You should run your own server, but you can test queries at gutendex.com.

Lists of Books

Lists of book information in the database are queried using the API at /books (e.g. gutendex.com/books). Book data will be returned in the JSON format

{
  "count": <number>,
  "next": <string or null>,
  "previous": <string or null>,
  "results": <array of Books>
}

where results is an array of 0-32 book objects, next and previous are URLs to the next and previous pages of results, and count in the total number of books for the query on all pages combined.

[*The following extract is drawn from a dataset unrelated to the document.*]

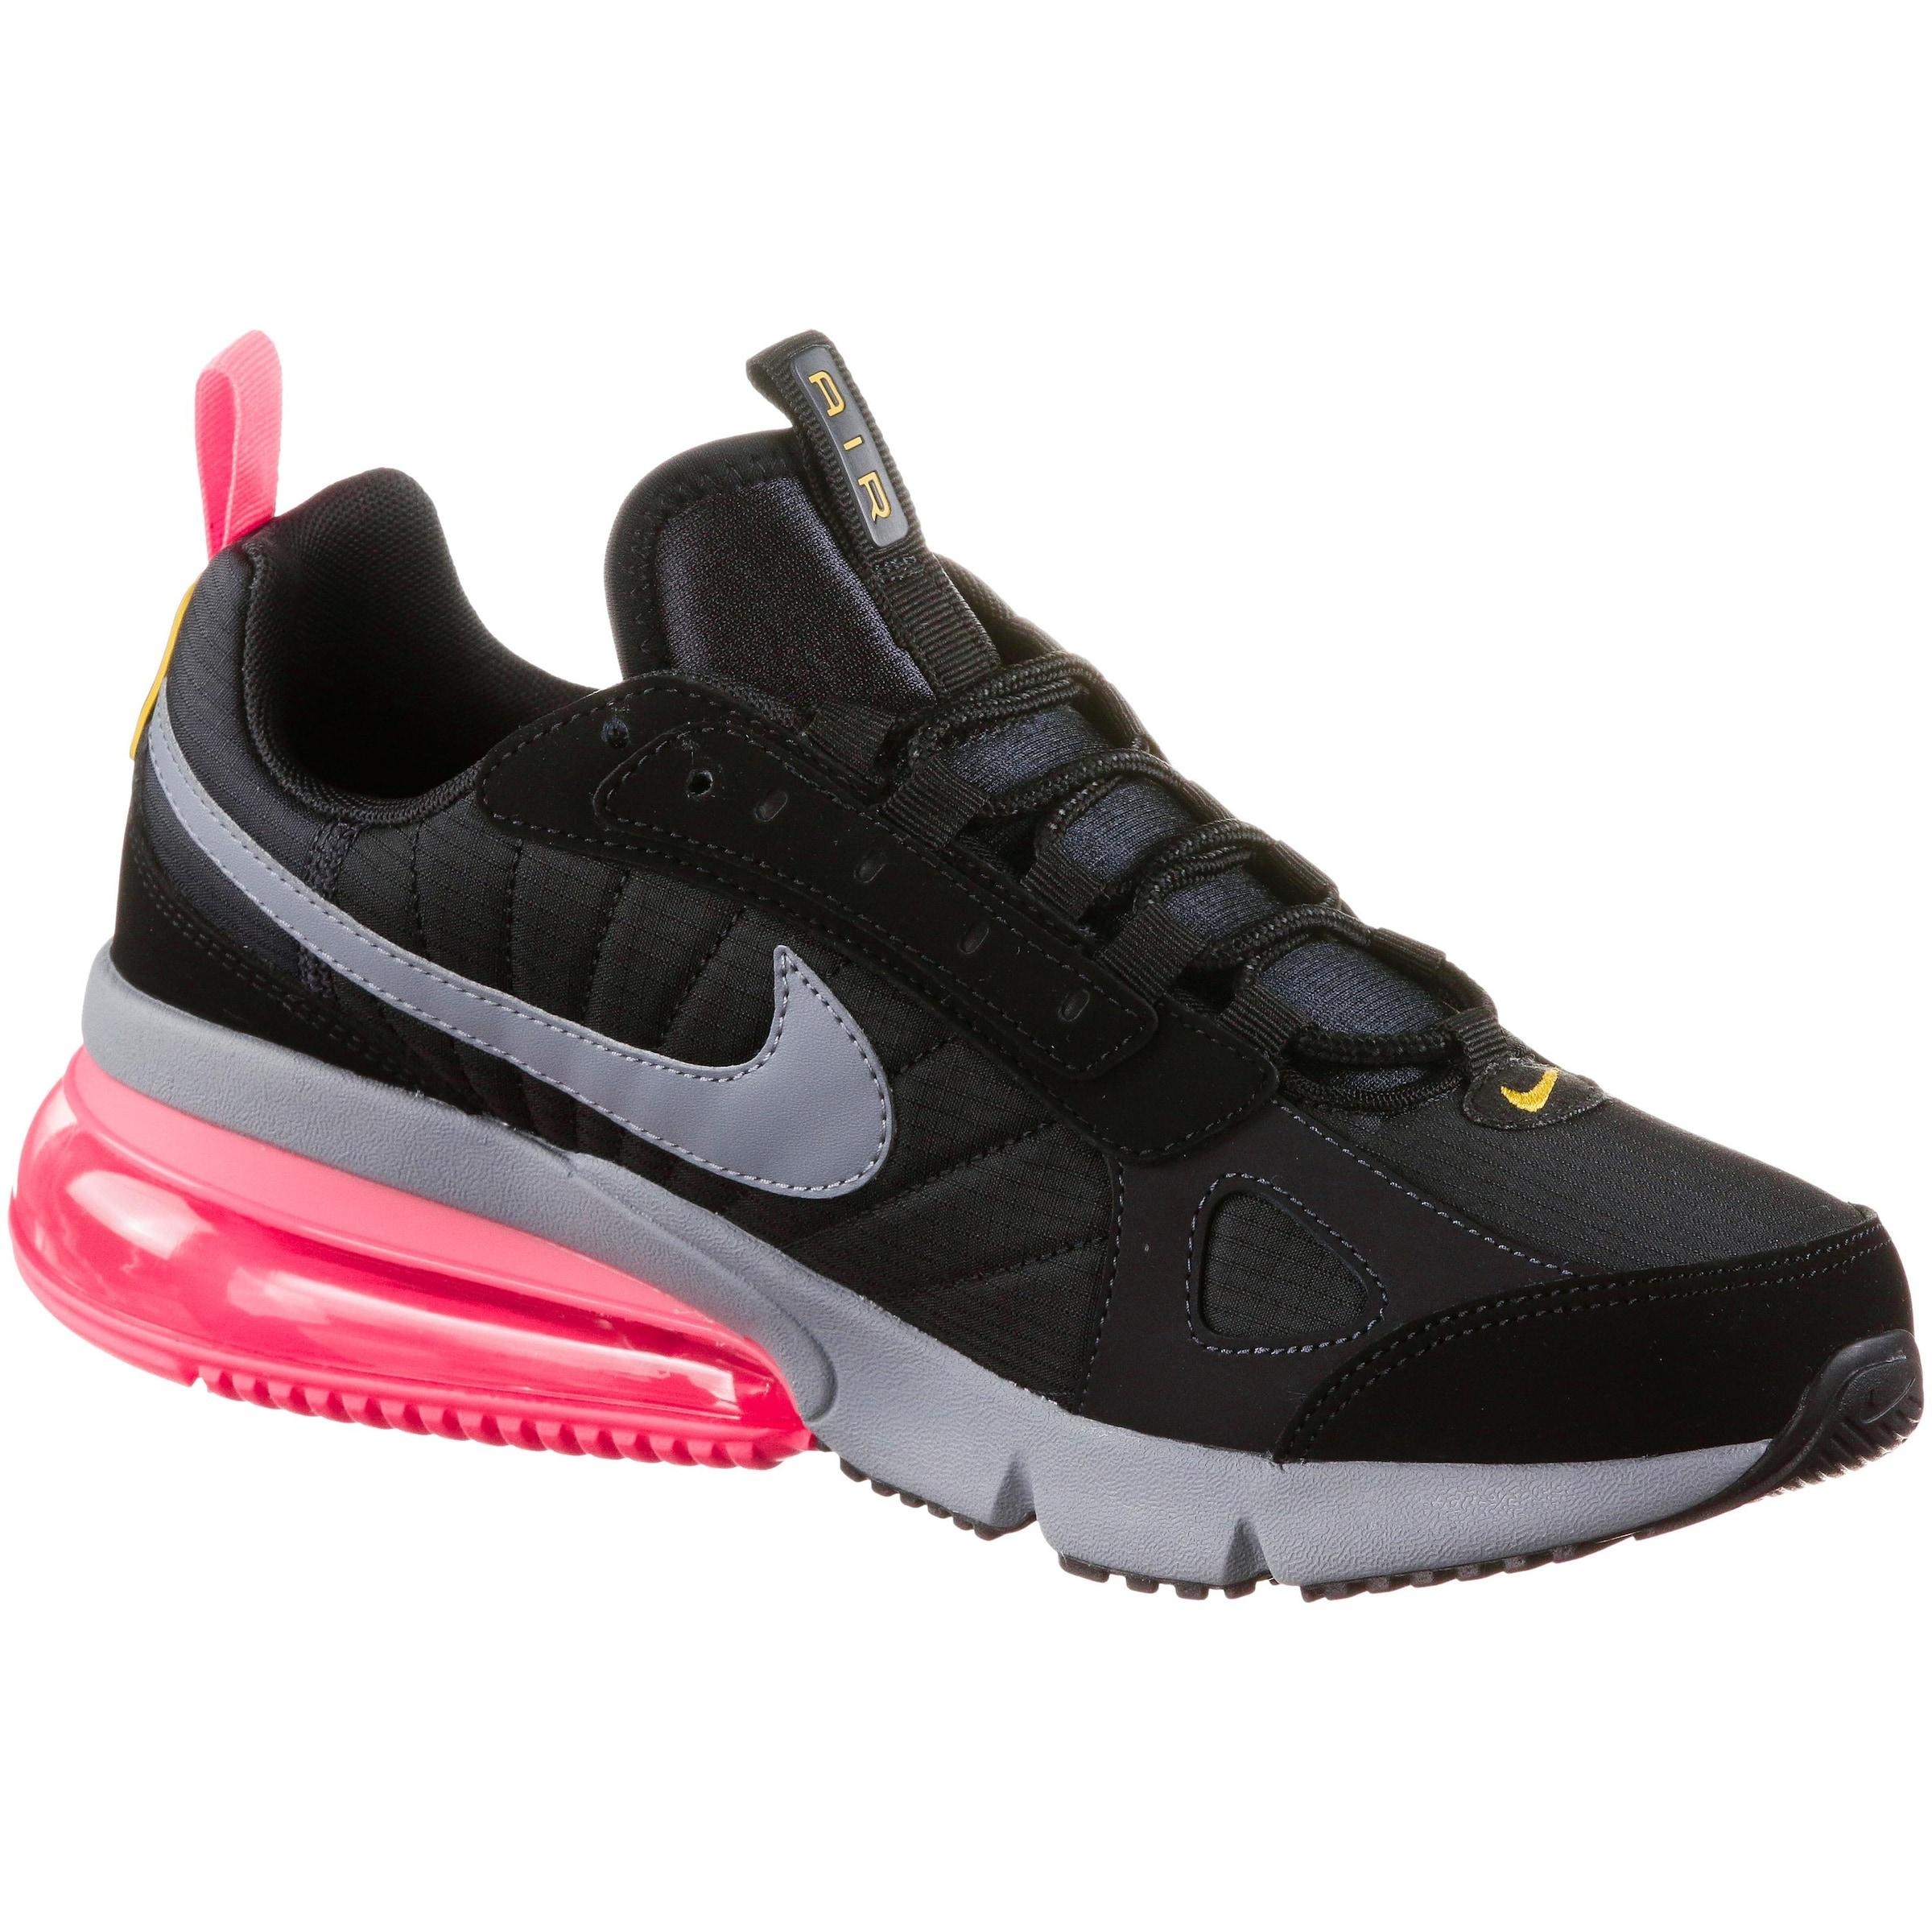 Max In Futura' Schwarz 270 GrauGrenadine Sportswear 'air Nike Sneaker PZlwXuTOki
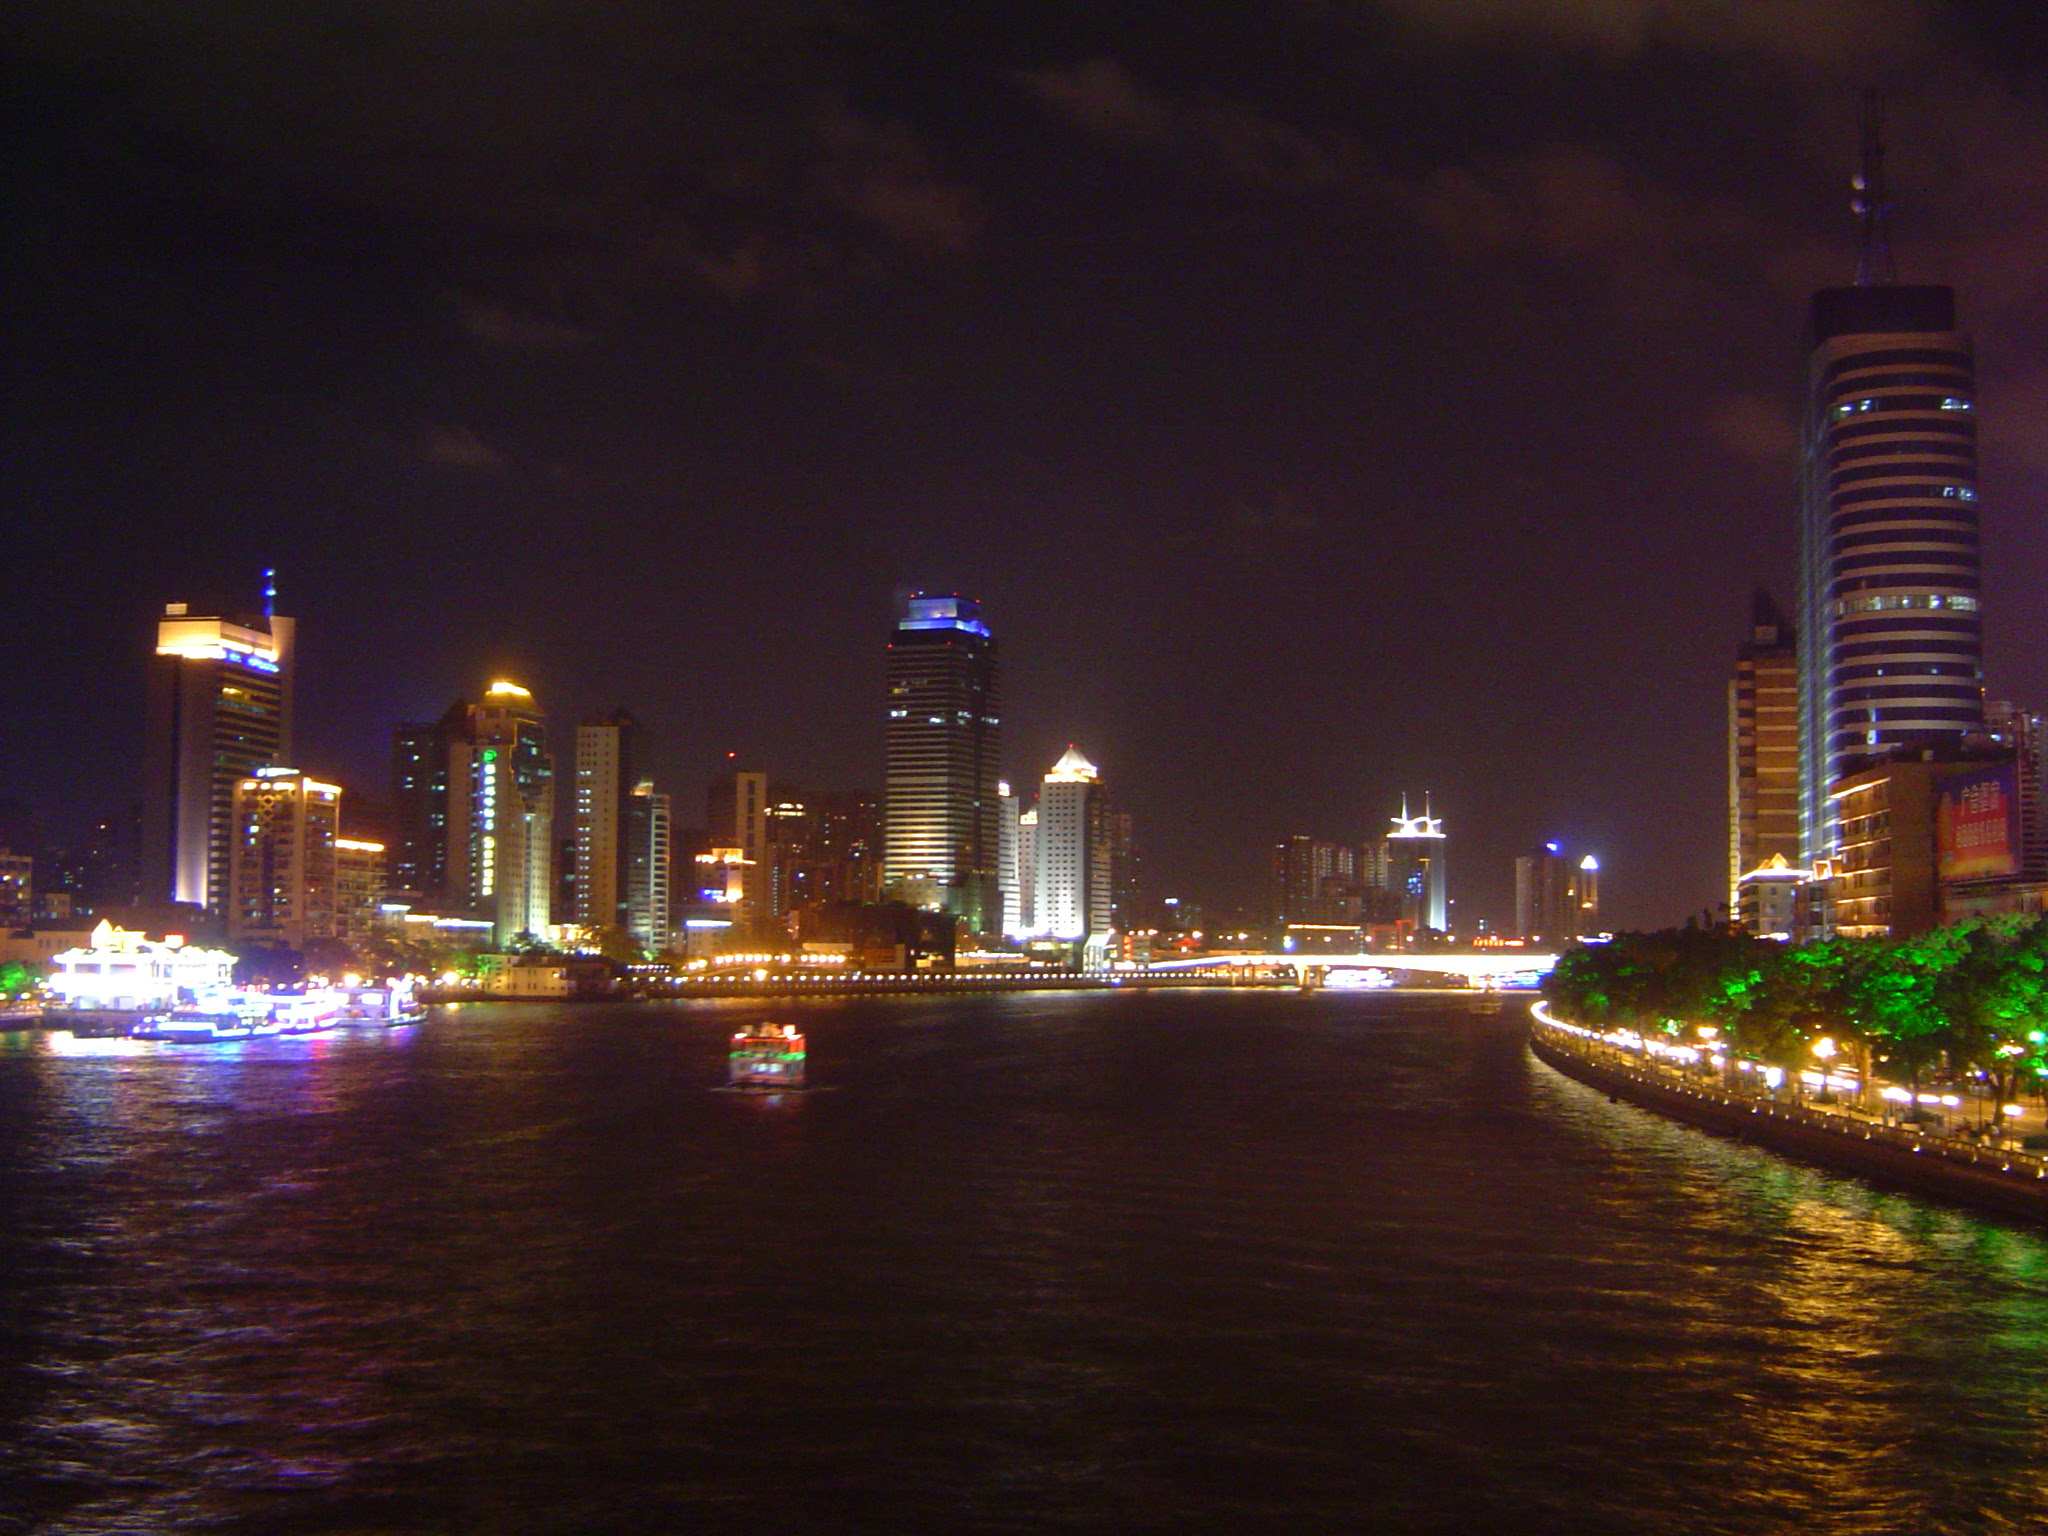 http://upload.wikimedia.org/wikipedia/commons/d/da/Pearl_River_in_Guangzhou.JPG

Books are ordered by popularity, determined by their numbers of downloads from Project Gutenberg.

Parameters can also be added to book-list queries in a typical URL format. For example, to get the first page of written by authors alive after 1899 and published in English or French, you can go to /books?author_year_start=1900&languages=en,fr

You can find available query parameters below.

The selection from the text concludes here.